2010With this item we go back a few years into PolitiFact Florida's history to remind us of the extent to which fact checkers will allow inaccuracies to go into print or onto the Internet.
PolitiFact will sometimes pick on the accuracy of somebody else's headline. PolitiFact Florida's headline on a fact check of Gov. Rick Scott is a doozy:
The problem is obvious just from the image capture, but we'll explain it just in case it's not obvious to somebody.
The headline says Scott claimed Thomas Jefferson called regulations an "endemic weakness," which, by standard norms of interpretation, means Scott is saying Jefferson used the term "endemic weakness" in describing government regulations.
But the section above quoting Scott doesn't jibe with PolitiFact Florida's headline. It's Scott using the term "endemic weakness" and saying Jefferson's complaints against the King of England as expressed in the Declaration of Independence serve as a vintage example.
PolitiFact Florida's fact check never makes the case that "endemic weakness" was attributed to Jefferson.
Making matters worse, Scott didn't even imply that Jefferson was complaining in principle that regulations make up an endemic weakness of government. He just used Jefferson's complaint as one example supporting his own point.

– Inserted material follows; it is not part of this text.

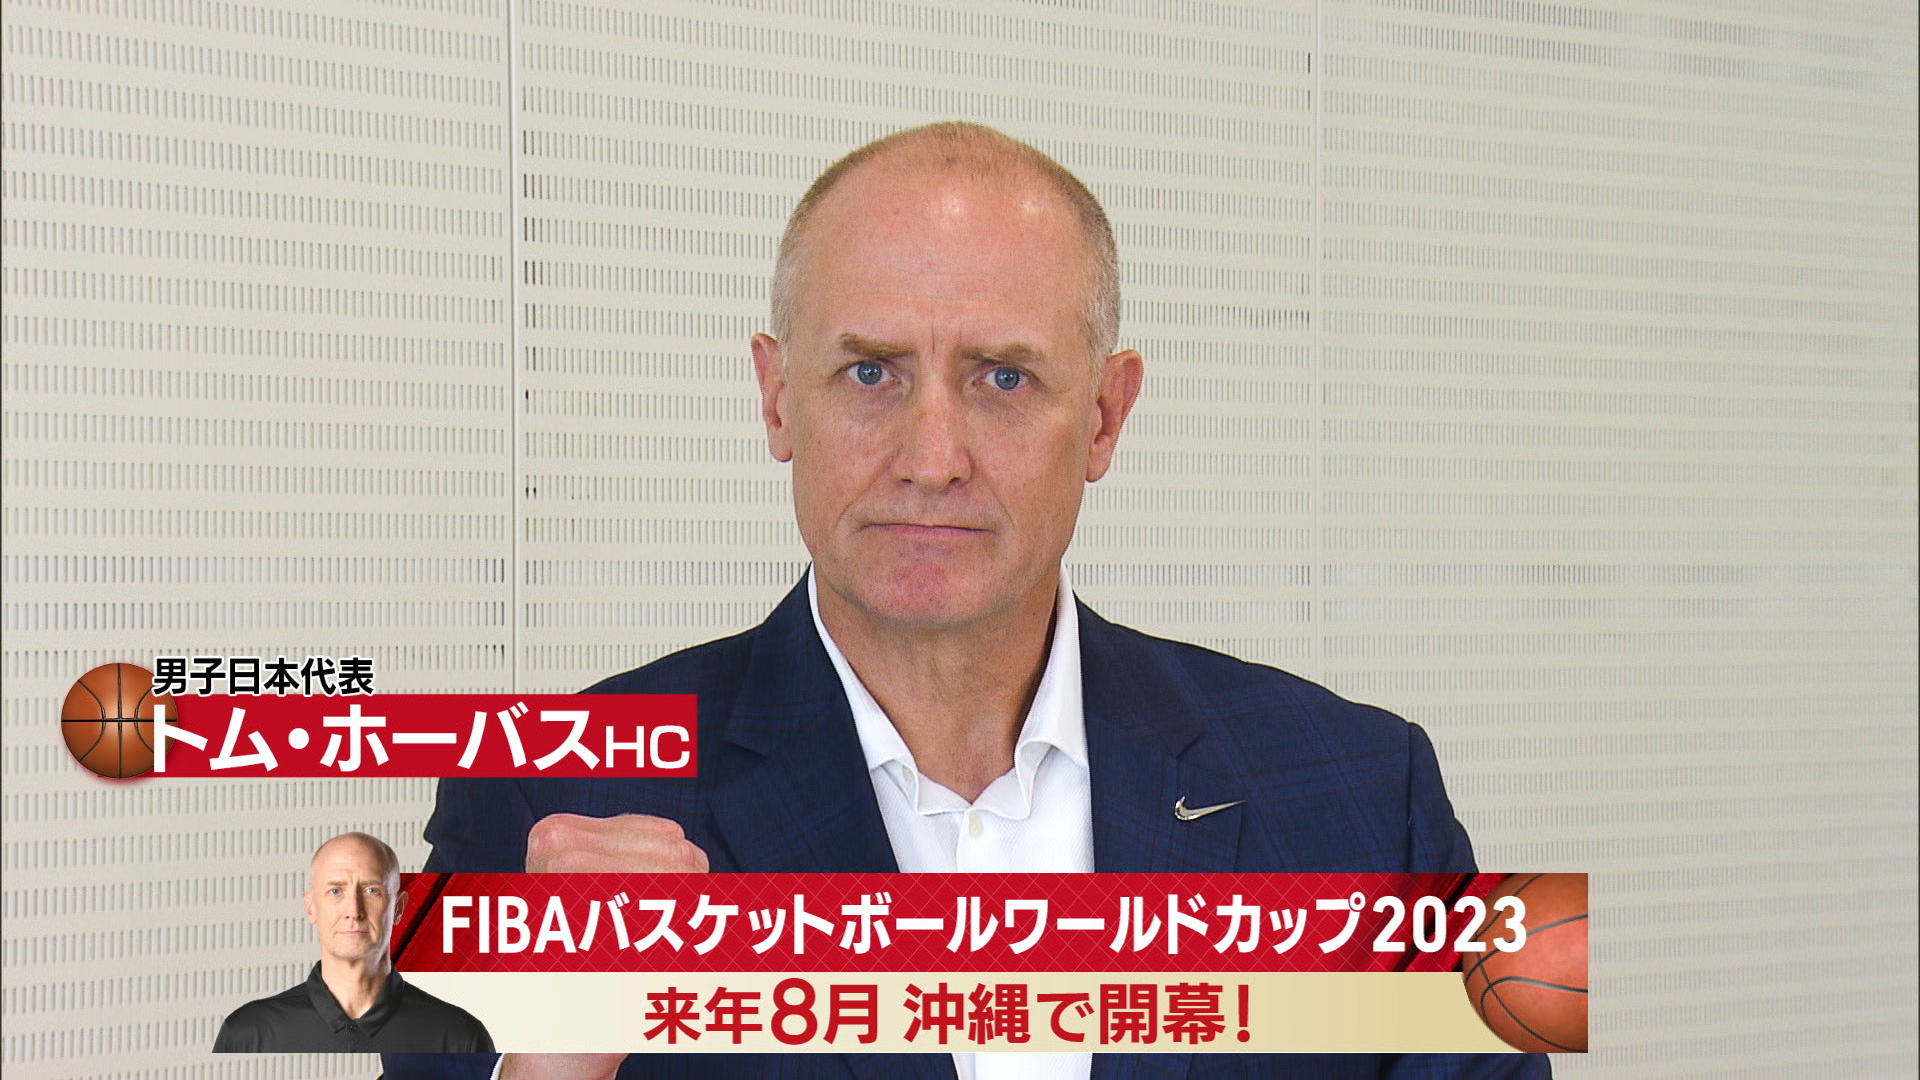 Fiba バスケットボールワールドカップ23アジア予選 テレビ朝日

PolitiFact ignores Scott's real point and fact checks a tangent:
Scott quotes Jefferson correctly. But we wondered, what did Jefferson mean when he wrote that line? Did he think regulations are an endemic weakness in government?Poor PolitiFact Florida! Its fact check assumes it matters whether Jefferson was saying regulations were an endemic weakness of government! It doesn't matter. Was Scott using a solid example of a proliferation of government regulations? Not really. But that doesn't mean Scott was saying Jefferson called government relations an "endemic weakness."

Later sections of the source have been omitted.